Penalty determination
Mr Lees sought for penalties to be imposed on Asaleo for their two contraventions of the Fair Work Act 2009 (Cth). The maximum penalty for a corporation under the Act is $63,000 per contravention. In determining the amount to be awarded, the Court considered whether the contraventions should be dealt with independently and whether the penalties were appropriate and proportionate to the conduct viewed as a whole.
It was found that the contraventions should be considered separately, because the dismissal was contingent on how Mr Lees responded to the performance improvement plan. This, in addition to the fact that the dismissal occurred a week after the first contravention, lead Judge Riley to believe that this was not a single course of conduct.
Judge Riley considered that the breaches were deliberate, involved senior management, and that Asaleo had showed no contrition. It was found to be of relevance that the dismissal would remain on the applicant’s CV, which would likely negatively impact his future job prospects. Given these circumstances, Judge Riley believed specific deterrence was necessary.
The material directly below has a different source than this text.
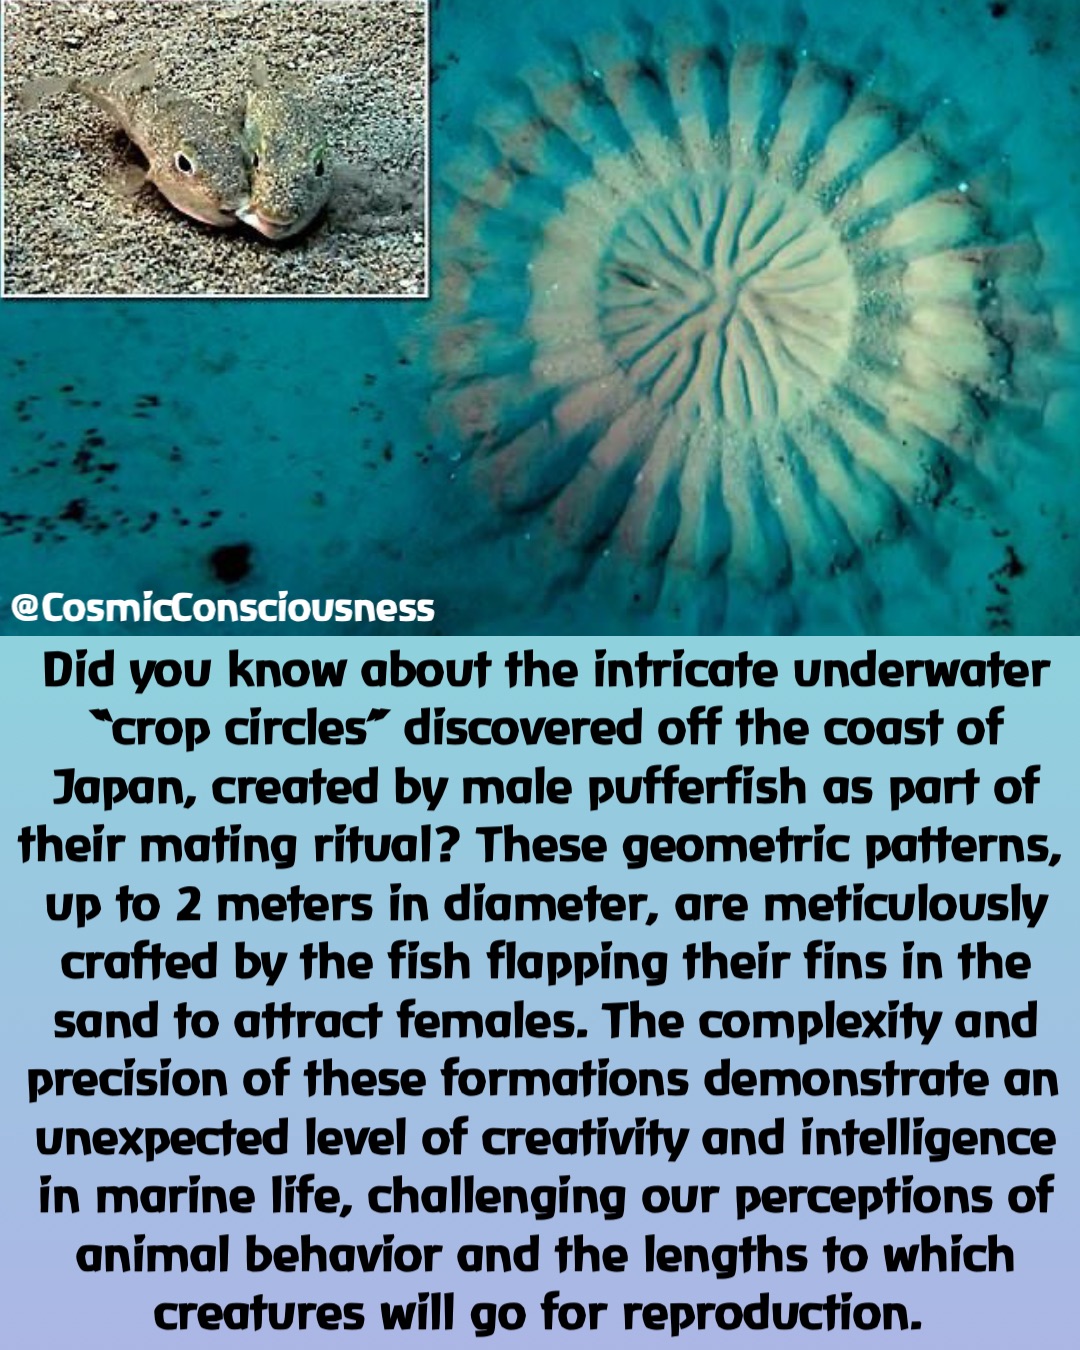 Did you know about the intricate underwater “crop circles” discovered off the coast of Japan, created by male pufferfish as part of their mating ritual? These geometric patterns, up to 2 meters in diameter, are meticulously crafted by the fish flapping their fins in the sand to attract females. The complexity and precision of these formations demonstrate an unexpected level of creativity and intelligence in marine life, challenging our perceptions of animal behavior and the lengths to which creatures will go for reproduction. @CosmicConsciousness

Taking into consideration the fact that the dismissal was substantially worse conduct than the presentation of the performance plan, the appropriate penalty was considered to be 35% of the maximum for presenting Mr Lees with the performance improvement plan, and 70% of the maximum for his dismissal, totalling $66,150.
Damages for breach
Judge Riley found that failure to provide Mr Lees with formal performance reviews was only a technical breach of the employment contract. Given that there was no issue with the Mr Lees’s performance until shortly before dismissal, and that he had been given promotions and pay rises, Judge Riley was not satisfied there had been any loss from the breach warranting an award of damages.
Conclusion
Ultimately Asaleo’s conduct in taking adverse action to unlawfully dismiss Mr Lees after his refusal to complete his performance improvement plan resulted in orders to pay a total of $98,872.06 in compensation and pecuniary penalties. This case serves as a timely reminder of the risks associated with taking unlawful adverse action against an employee.